Ornamental Grasses: The Anti-Lawn
For years, I wanted nothing to do with ornamental grasses. I thought they were boring and unproductive. They don’t produce anything to eat and the flowers are insignificant. They don’t attract hummingbirds or butterflies. What’s the point?
But over time, I’ve been persuaded. I realized that the ornamental grasses in my neighborhood look good year-round, and there’s something to be said for that. I used to be content to fill my front yard with flowers that all burst into bloom at once in spring, but now, as we’re getting ready for winter, spring is an awfully long way off. I don’t know if I can stand the sight of my dormant, chopped-down-to-the-ground garden for months on end. Once I imagined the billowy silver and burgundy shapes of ornamental grasses blowing around in the wind and the rain, I was finally convinced. In the last couple of weeks, I’ve planted a dozen grasses in the front yard, and I’ve got room for more. (Fortunately, White Flower Farm just keeps them coming.)
My main source of inspiration has been a book by Nancy Ondra called Grasses: Versatile Partners for Uncommon Garden Design. Garden photographer Saxon Holt took the pictures, mostly at botanical gardens around the country, and they are breathtaking. In fact, even if you’re not interested in grasses, the book would be worth getting just to study his technique. My garden photographs turn out to be a muddy mess, but his are sharp, bright, and perfectly composed.
And Nancy knows what she’s talking about. The book is aimed at people who want to work grasses into a naturalistic perennial garden, so there are plenty of creative ideas for pairing grasses with lavender, salvia, sedum, aster, and even roses and lilies. (The variegated Miscanthus grass is a cheerful and, as she says, “preppy” companion for pink roses, for example.) There are chapters on front yard gardens, shady gardens, pondside plantings, and even container gardens.
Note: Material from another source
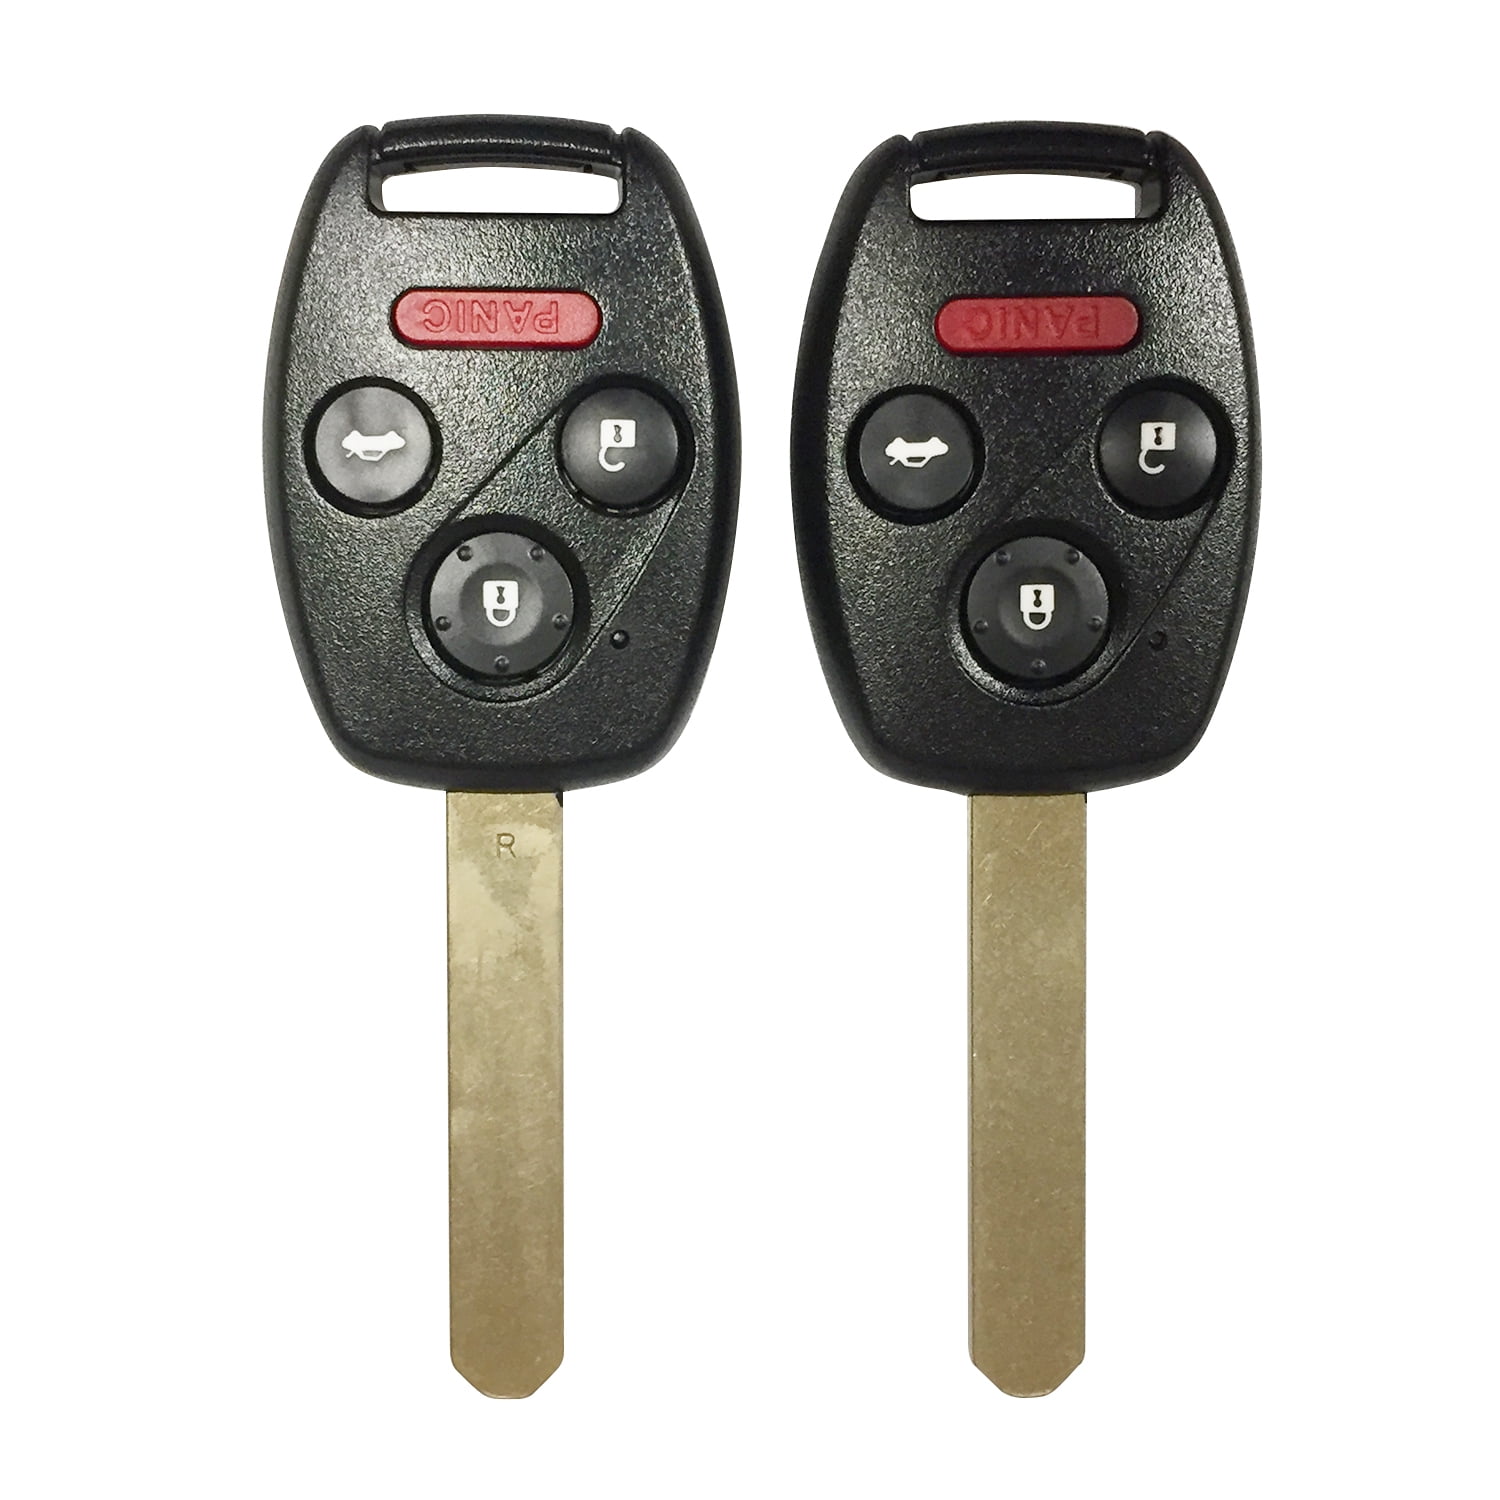 2 Replacement For 2003 2004 2005 2006 2007 Honda Accord Key Fob Remote

Not all grasses are grasses, and this book covers a number of grass-like plants as well as true grasses. Nancy offers this garden rhyme to help you tell the difference: “Sedges have edges and rushes are round; grasses are hollow and rush all around.” I’ll never remember that, but with her illustrations in front of me, I can tell you that in fact, sedges have stems that form long, skinny triangles, while rushes have solid cylindrical stems, and true grasses have round, hollow stems. She also identifies the various flower forms most grasses offer—spikes, racemes, panicles, and awns—and separates out the clumpers from the creepers, the mounded from the tufted, and banishes the most invasive grasses entirely. However, some grasses are invasive in one part of the country but not in another, so her list of problem grasses is limited to the very worst offenders. Do check with the nursery if you’re not sure what you’re buying. The North Coast Chapter of the California Native Plant Society lists a number of native grasses at their website, including California oatgrass, California fescue, and blue bunchgrass.
While some grasses are drought-tolerant, others, especially the reeds, thrive in wet, marshy areas. Be sure to choose a grass that can handle the conditions in your garden, and remember that even plants that can survive dry summers will still need supplemental water for the first year or two while they get going. After that, you can actually use water to control the growth of the grass—if you want it to be shorter and tougher, hold back the water, but if you want something with more height and lushness, try watering more.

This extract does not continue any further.